··· Given information ···
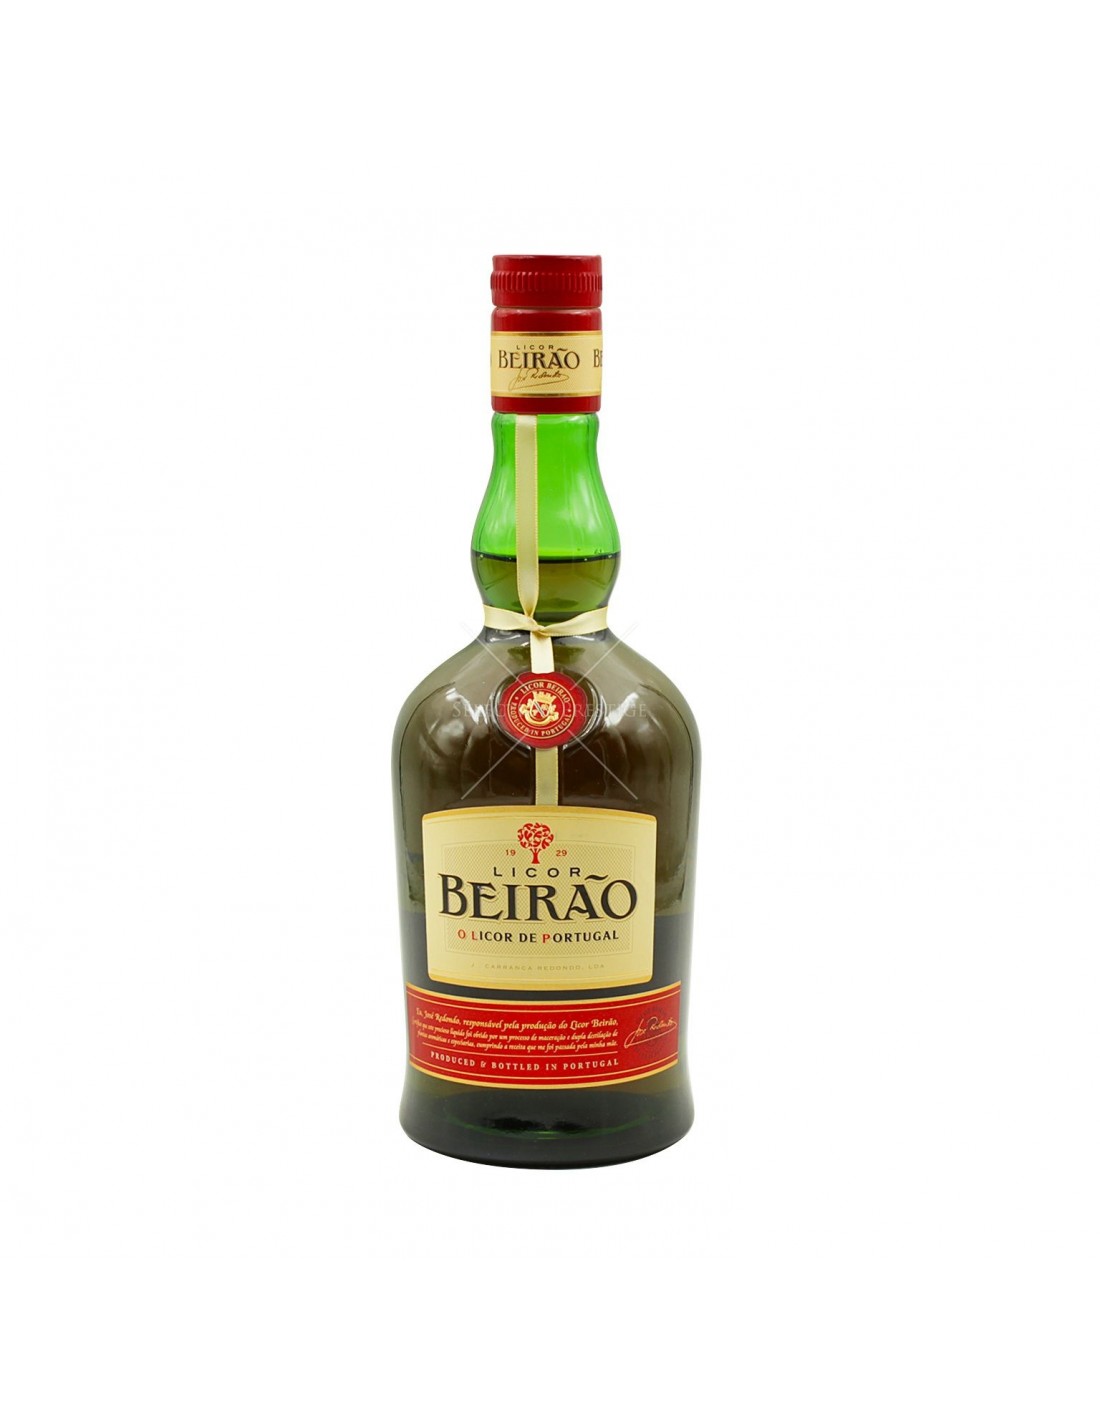 Lichior Beirao, 22% alc., 0.7L, Portugalia alcooldiscount.ro
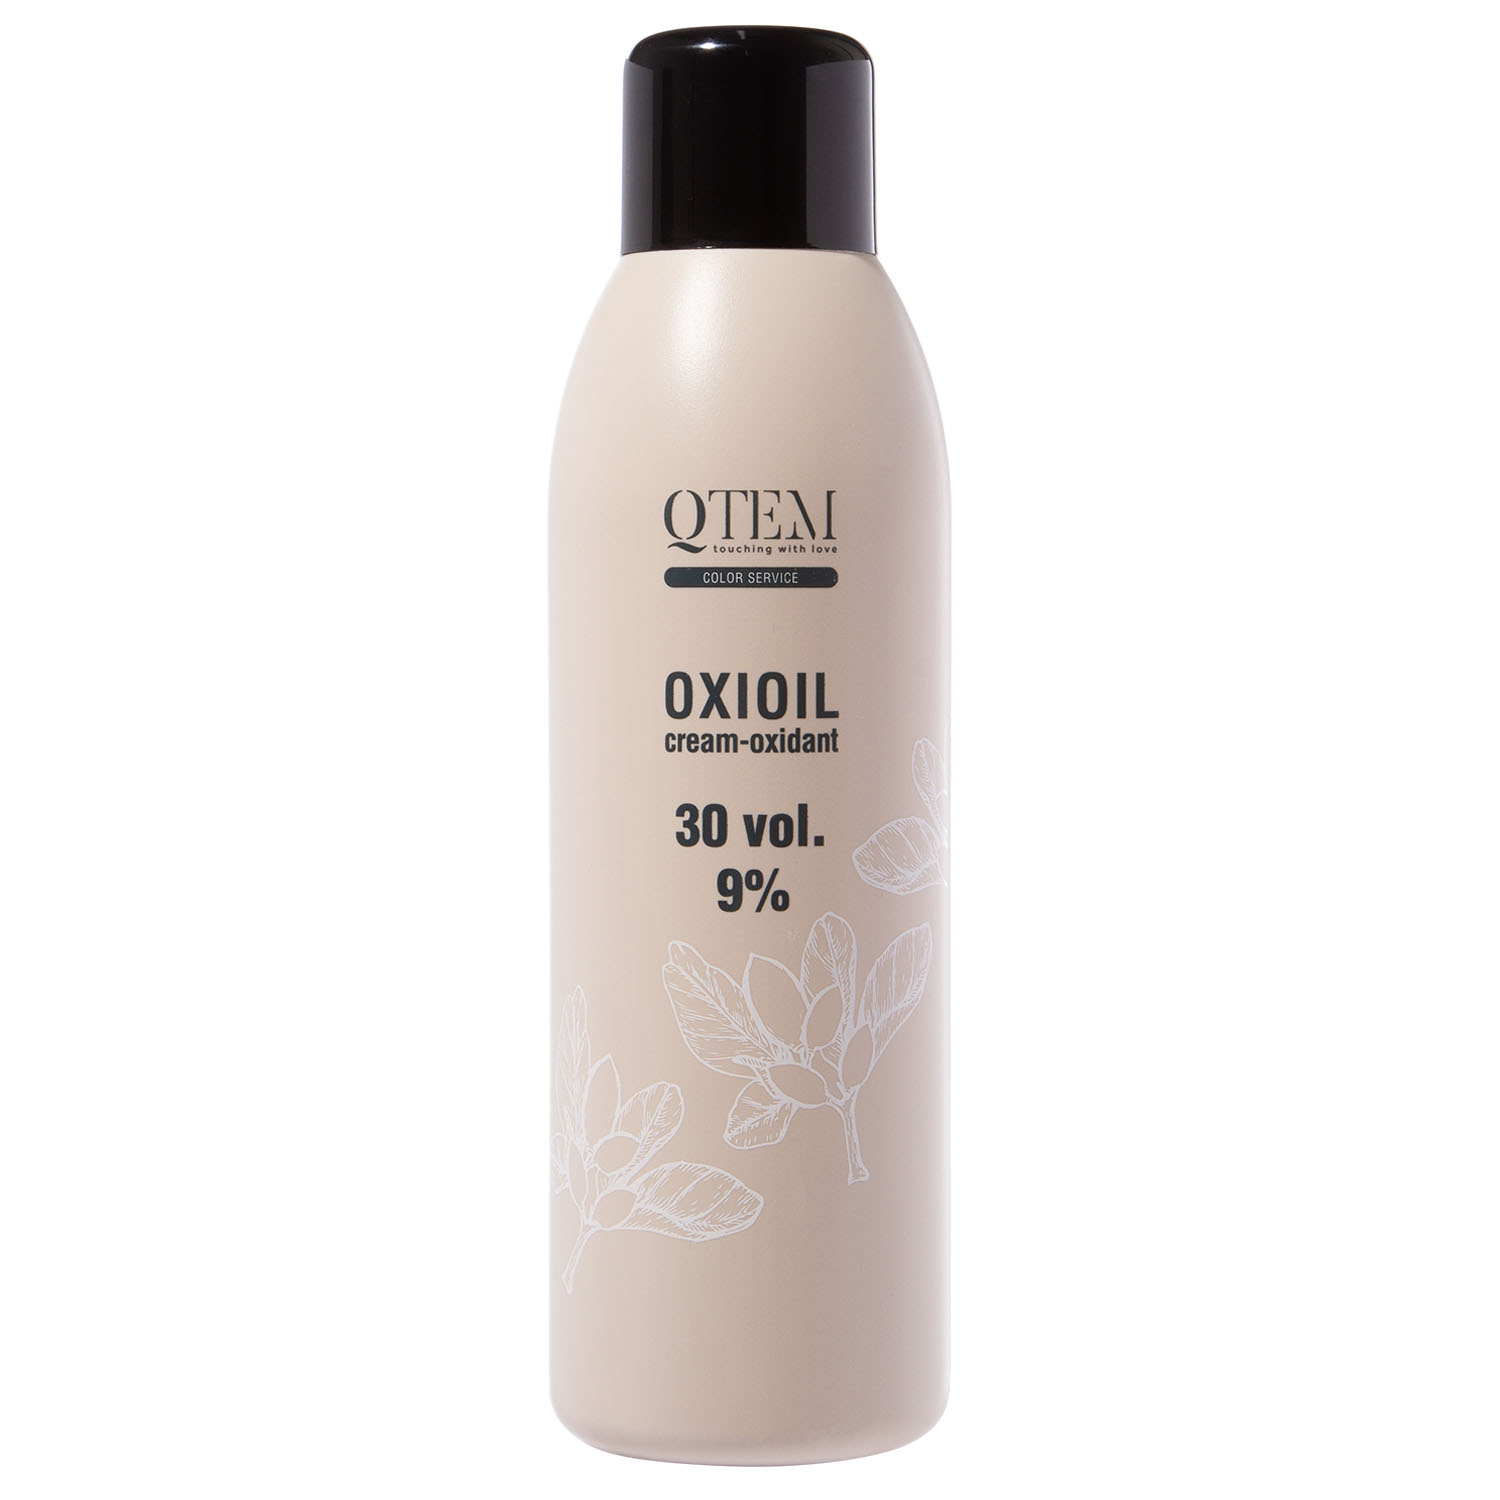 цена Qtem Универсальный крем-оксидант Oxioil 9% (30 Vol.), 1000 мл (Qtem, Color Service)
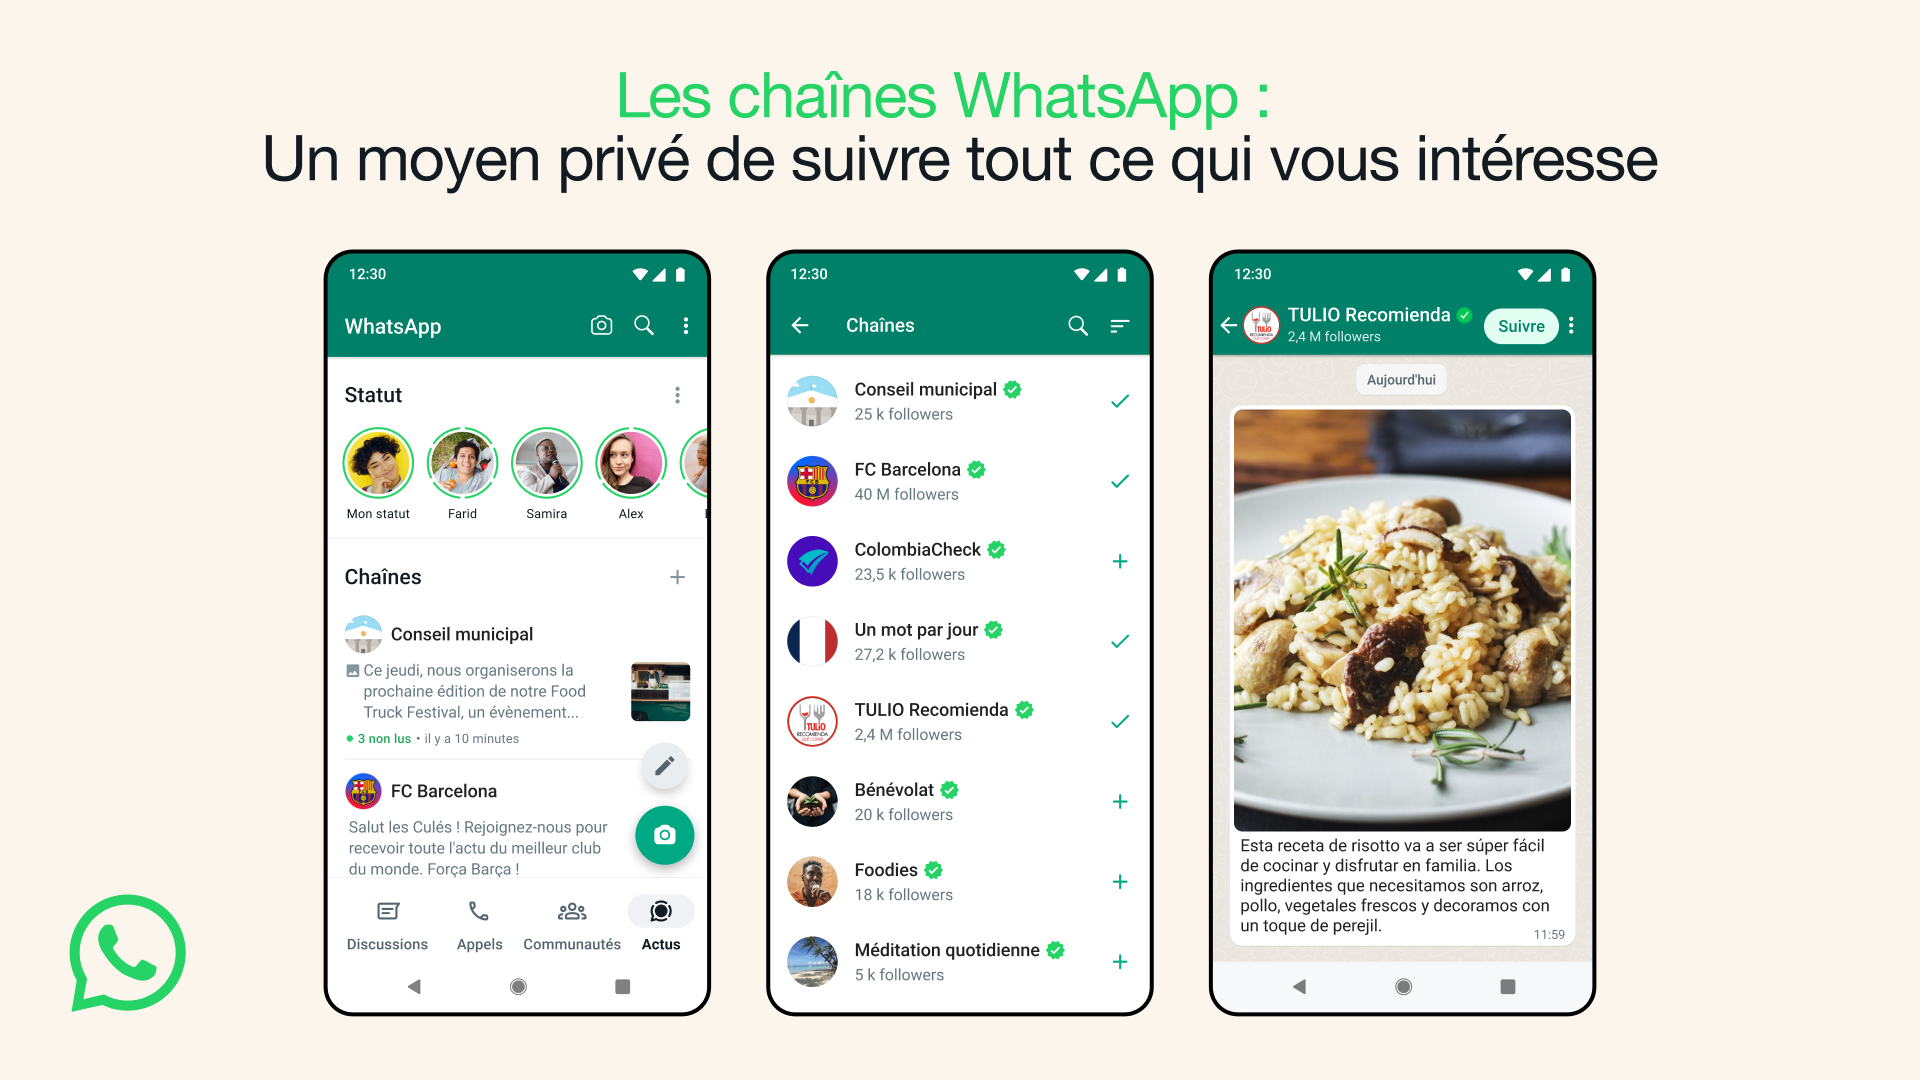 Chaines-Whatsapp-un-moyen-prive-de-suivre-tout-ce-qui-vous-interesse
···
• [Exercise] Everything from the line with "цена Qtem Универсальный" through the last line of the listing above is to be copied exactly, both ends included, except the pictures.

• [Task result]
 цена Qtem Универсальный крем-оксидант Oxioil 9% (30 Vol.), 1000 мл (Qtem, Color Service)
 Chaines-Whatsapp-un-moyen-prive-de-suivre-tout-ce-qui-vous-interesse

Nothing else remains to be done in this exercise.